Polygons that just WON'T fill:

     Don'tcha hate this?   You finish up your mesh, got it all nice and perfect, then turn on the solid view, and it's full of holes.  So you hit the Fill Polygon thing (if it's not greyed out) and nothing happens?  ARGH!  RDD uses some kinda obscure rules for filling polys.  Here's a wild guess:

    First, if you take the Polyline tool and go doink doink doink doink doink doink doink all around and close your shape, RDD will fill it (whether you want it to or not).  Don't let this fool you into thinking that you can fill any crazy-shaped polygon.

     Only triangles and squares will be filled.  If you subdivided one side of a square, you will not be able to fill it until you link the new vertex to the two opposite corners (ie: triangulate the polygon).  Now, I know what you're saying: But if you fill the polygons *first* and THEN subdivide one side, they stay filled.  They do.  But you want to fill a new one, it has to be a triangle or a square.  Go figure!

     Now what do you do if you have a triangle or a square, and it STILL just WON'T fill!  DoubleARGH!  First, select the points on the edge of the polygon you are trying to fill.  If the edges between them don't line up, then the polygon you think you see does not exist.    Try linking the dots.  (Also, try another view to see if some vertices are actually on the backside of your object, not on the front where you think they are.)

     You can try to unlink one (or all) of the lines and re-draw it. (Select an edge, hit Ctrl-U to unlink. Then Ctrl-L to link.)  If you welded things together, check the seam and make sure all the edge vertices got welded properly.  If you created an object from an extrusion and then welded, check to see if one of the cross sections is filled that shouldn't be.  If a center cross-section in your object is filled, then all the polys on the one side of it will not fill.  (Boy did this one drive me nuts!)

Did you Know...?:

     Some cool tips for working in Ray Dream!

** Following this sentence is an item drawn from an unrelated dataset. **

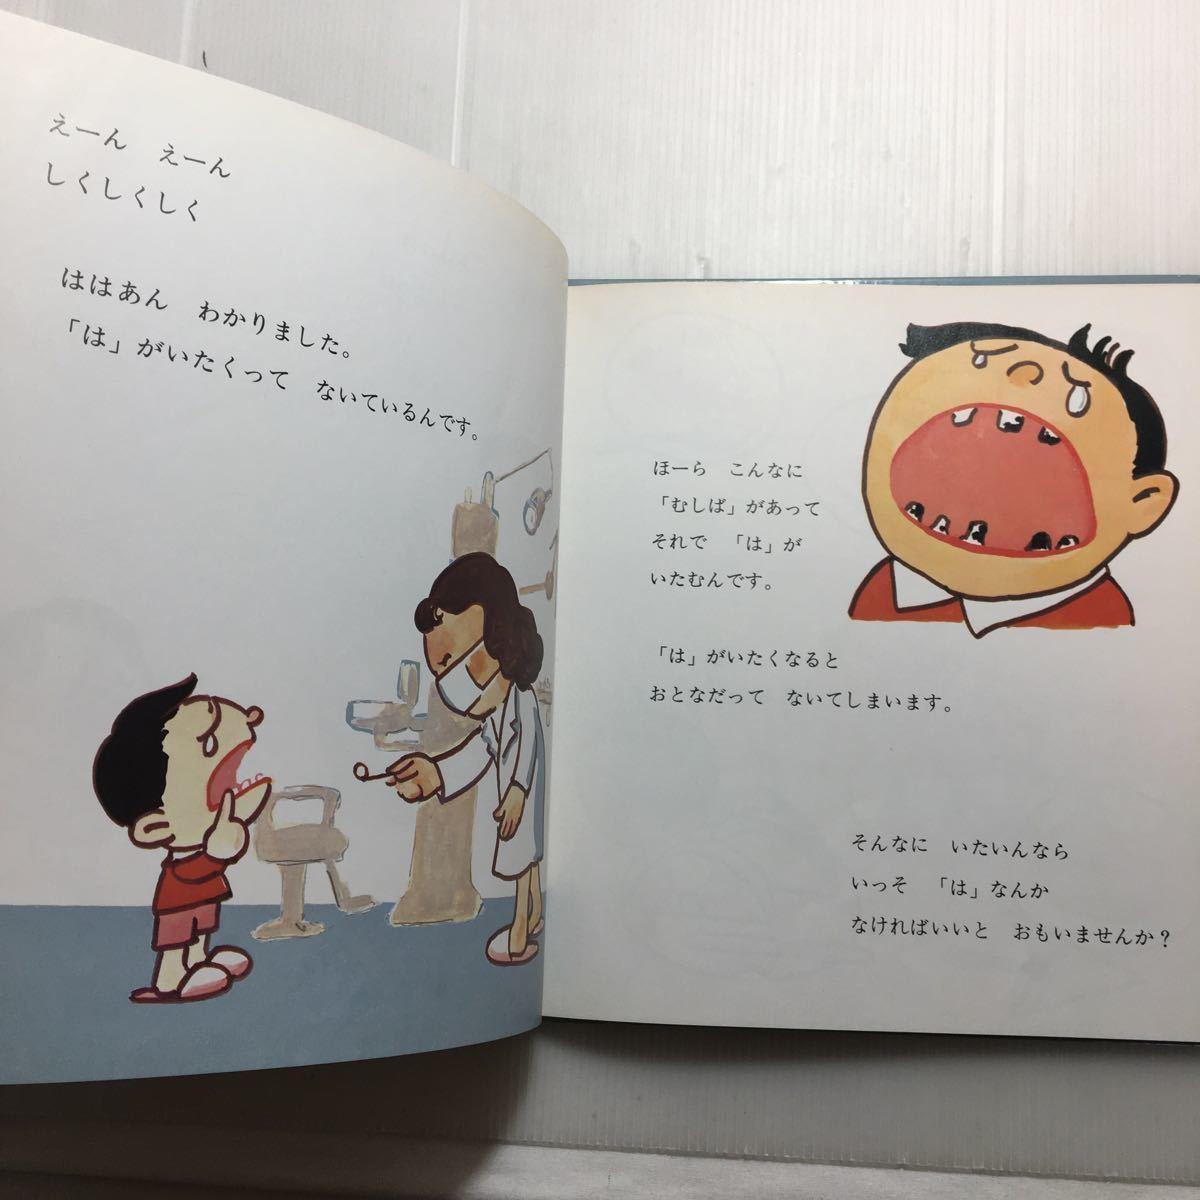 zaa-m1b♪はははのはなし (かがくのとも絵本) 大型本 1972/3/1 加古 里子 (著, イラスト) 2

  You can switch camera locations by hitting Ctrl and the number pad (if you use the camera view menu, I pity you!), but did you also know... If you hit Ctrl-8 and then Ctrl-5, you can see the top view of your object with the 'back' of the working box at the bottom of the screen?  This is neat if your top view is usually 'sideways' of how you want to work on your object.  (This also works if you hit Ctrl-5 from the Ctrl-0 (Perspective) location.  Remember, Ctrl-5 lines the camera up with the active drawing plane.)

   Did you also know that if you forget to hit Ctrl when you use the number pad, that you can move the camera around the working box in increments!?  Too Cool!  Now you can fly around your object in RDD!  You can also see stuff on a diagonal and move it that way, too.  Very handy. :)

   The MFM universe is absolute.  If you create one object at the center, and then build an object in relation to it sticking off the side, say... You can copy and paste  that object into the original, and it will be perfectly aligned where you want it!  (This is handy for building figures from FreeForm objects.  If you build and place all the objects together, then convert them to Meshes, they will retain their relative coordinates.)  
    This works, even if you move the Mesh object.  If you made a pair of eyes for your line of figures, you could toss them outta the way, down into a corner of the box.  But each time you jump in, copy and paste, they will appear in exactly the same spot each time.